The façade of Modern One is home to Martin Creed’s prescient work No. 975, Everything’s Going to be Alright.

 

To continue this horticultural bent visit the Royal Botanic Garden- Open Daily: Mar-Sept: 10-6, Nov-Jan: 10-4, Feb,Oct: 10-5, one mile north of the city centre, with entrances on Inverleith Row (East Gate) and Arboretum Place (West Gate and John Hope Gateway), 44 (0) 131 248 2909.

It encompasses 70 acres of beautifully landscaped grounds.  Four gardens provide a collection of plants and a center for plants science and education.

 

For your final Scottish dining experience we suggest The Kitchin – D: Tu-Sa, 78 Commercial St, 44 131 555 1755.

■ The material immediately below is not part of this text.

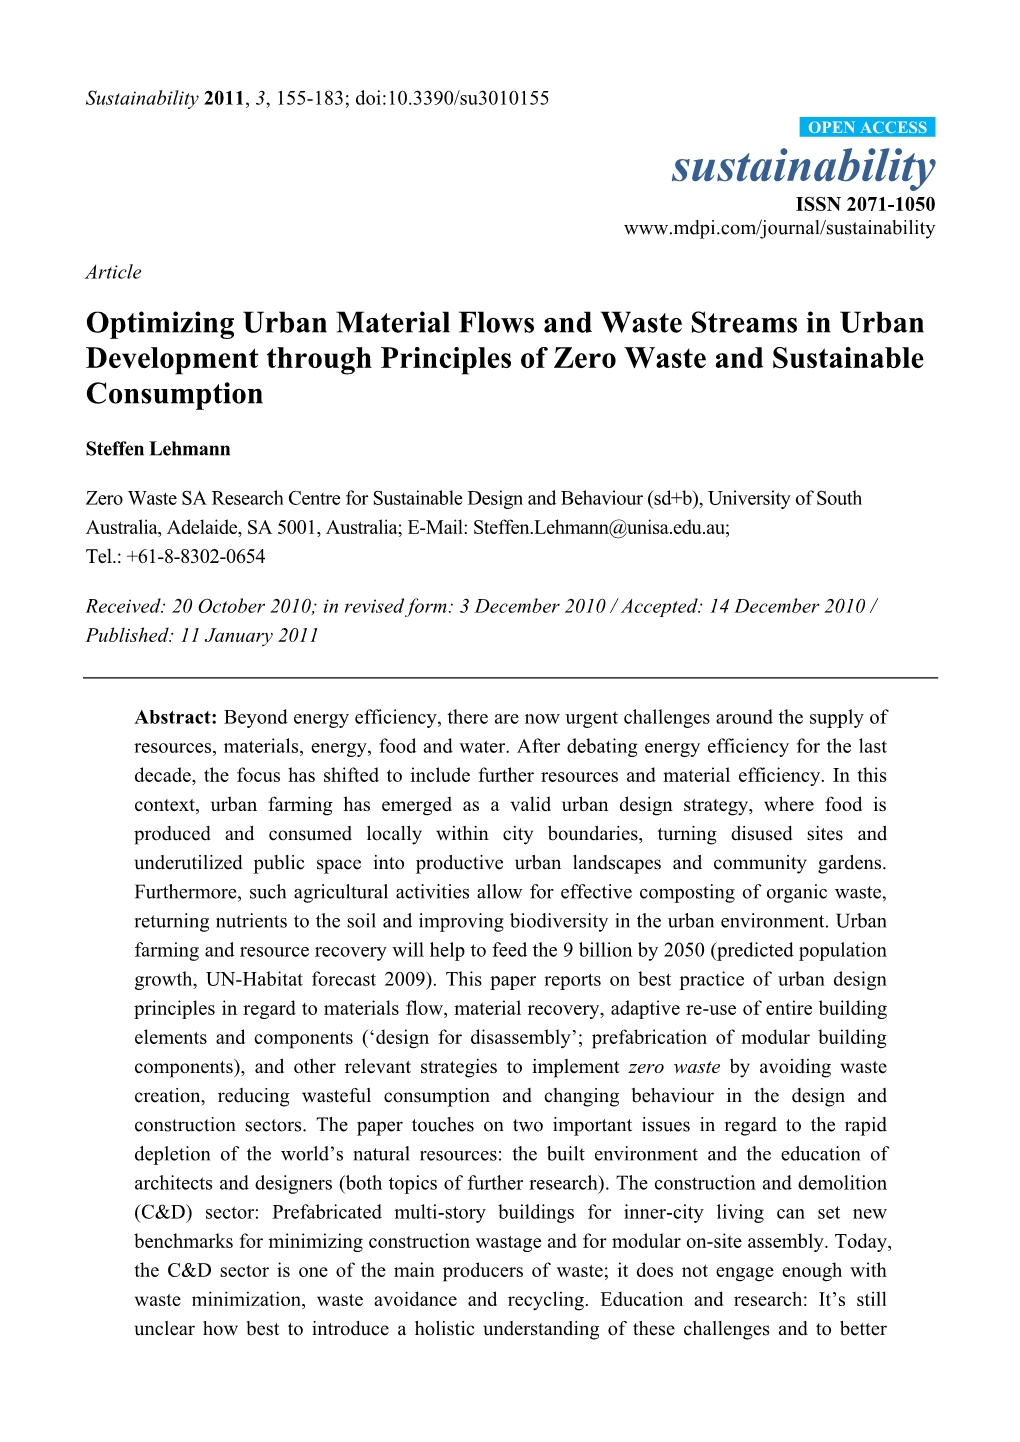 Optimizing Urban Material Flows and Waste Streams in Urban Development Through Principles of Zero Waste and Sustainable Consumption

Start with the seared scallops wrapped in pancetta with an asparagus sauce or the razor clams with chorizo, herbs and vegetables. Enjoy a glass of ’11 Leflaive Montagny Premier Cru.

For your mains the saddle of lamb with crispy leg pastille, potato cake and carrot is excellent or one of my favorites the crispy veal sweetbreads with mushrooms and radishes.

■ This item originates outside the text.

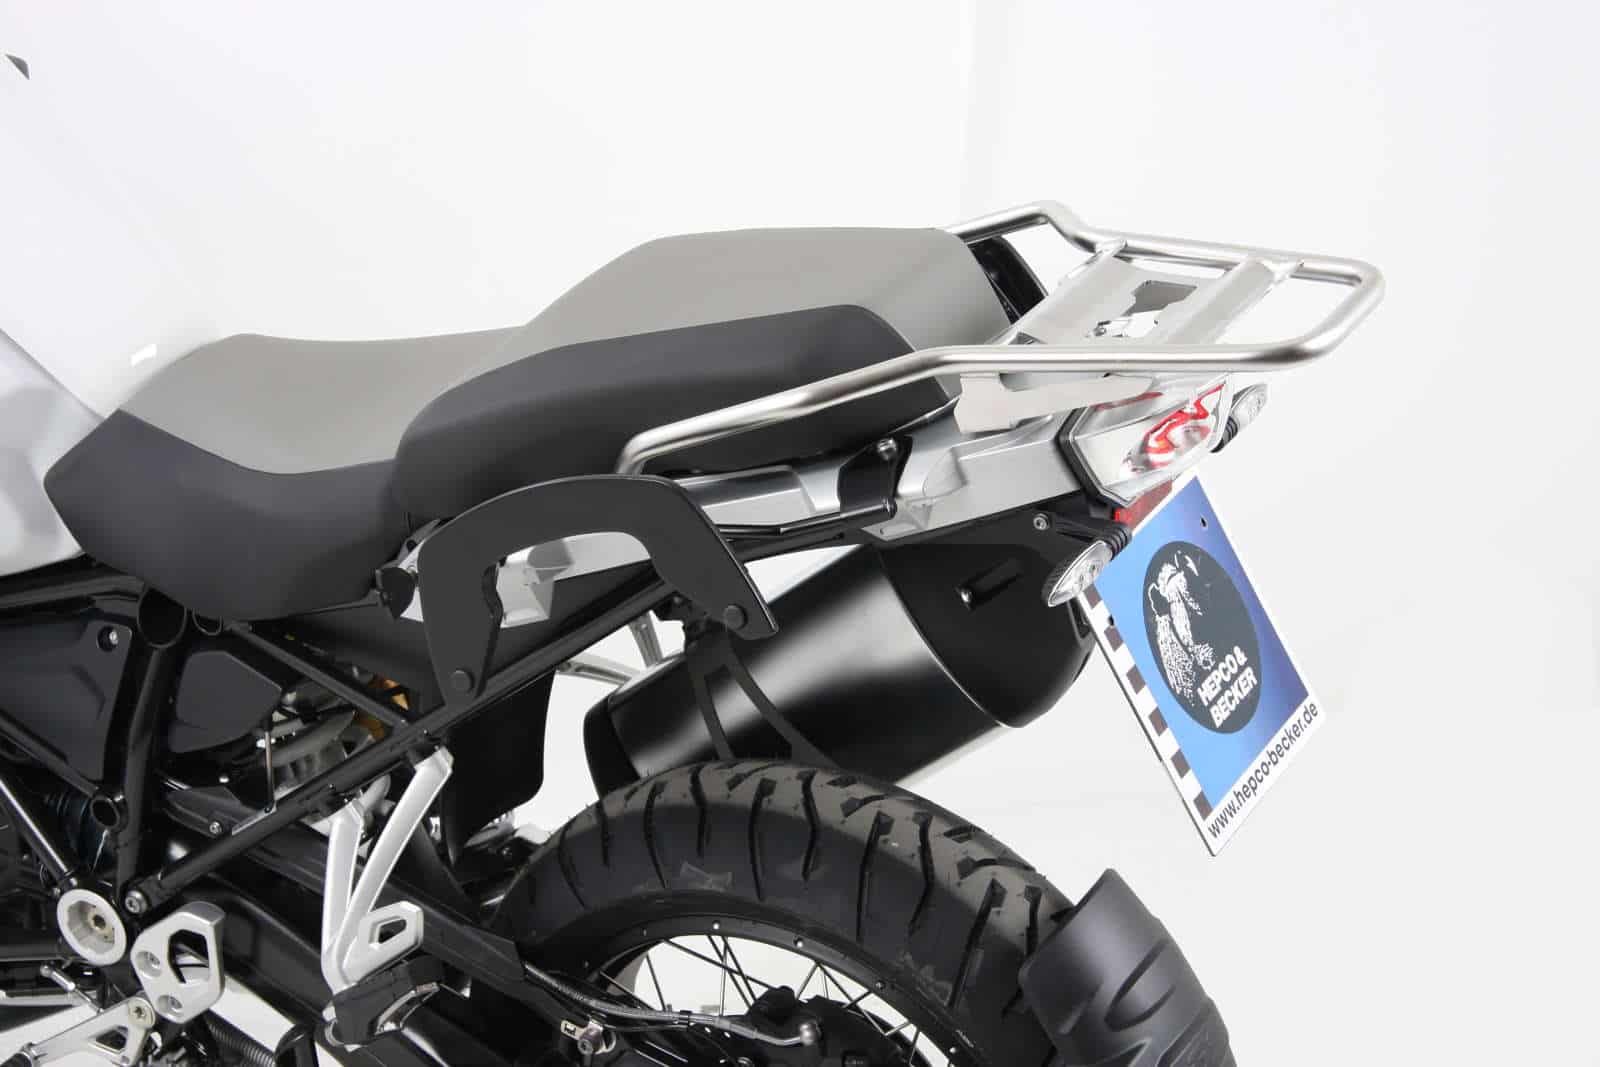 C-Bow sidecarrier for BMW R 1200 GS Adventure (2014-2018)

Your wine isthe ’11 Combariolles “Terrasses du Larzac”.  Desert is the rhurb crumble soufflé.

 

Before leaving the UK Father Prosser insists that you visit Wales.  The following is a lagniappe for Cardiff.  Visit  Cardiff CastleDaily: 9-5, Castle Street, 44 029 2087 8100.

Cardiff Castle is a medieval castle built in the late 11th century.  Over the centuries several ownership changes and remodeling efforts have taken place.  In 1947 the castle was given to the City of Cardiff.

Today the castle and grounds are a very popular tourist destination. A don’t miss feature is the “Firing Line”, a regimental museum.  It’s also a venue for events that include musical performances and festivals.

 

Next visit  St. Fagans National History Museum – Daily: 10-5, Cardiff CF5 6XB, 44 29 2057 3500.

The museum was modeled on Skansen which is near Stockholm (see Stockholm The Welge Report). St. Fagans includes more than 40 buildings representing the architecture of Wales.  Some of the buildings are: a Unitarian Chapel, a schoolhouse, a toll booth, a pigsty and a tannery.

It has displays of traditional crafts such as:  blacksmithing, pottery making, milling, farming and breeding livestock.

There is a row of workers cottages with period furniture from 1800-1985 and includes several buildings that depict the industrial working life.

 

You will  love a restaurant called The Potted Pig – L: Tu-Su, D: Tu-Sa, 27 High St, 029 2022 4817.

Start with the smoked Haddock and poached egg or their famous potted pig with toast and pickles.

Then the Moroccan style lamb with cauliflower couscous and an aubergine salad or the braised ox cheek with mashed potatoes, kale and roasted shallots.  For dessert share a poached pear pudding.

The Pig has a great bar, especially for a gin drinker.  They have London Dry Gins, Floral Gins, Fruity Gins, Aromatic and Spicy Gins, Fresh and Crisp Gins, Sweet Gins and After Dinner Gins.

We suggest the ’09 Chateauneuf-du-Pape from Domain Pere d’Eglise.

 

Time to visit the National Museum CardiffTu-Su: 10-5, Cathays Park, 029 2057 3000.  It’s  entertaining and educational.

Located in the heart of Cardiff’s elegant civic centre, it houses Wales’s national archaeology, art, geology and natural history collections as well as major touring and temporary exhibitions.

The art collection has five hundred years of paintings, drawings, sculpture, silver and ceramics from Wales and around the world.  A highlight is their Impressionist collection.

Their archeological area took us on a 4,600 million-year journey beginning with the “Big Bang” and brought us face-to-face with dinosaurs and wooly mammoths.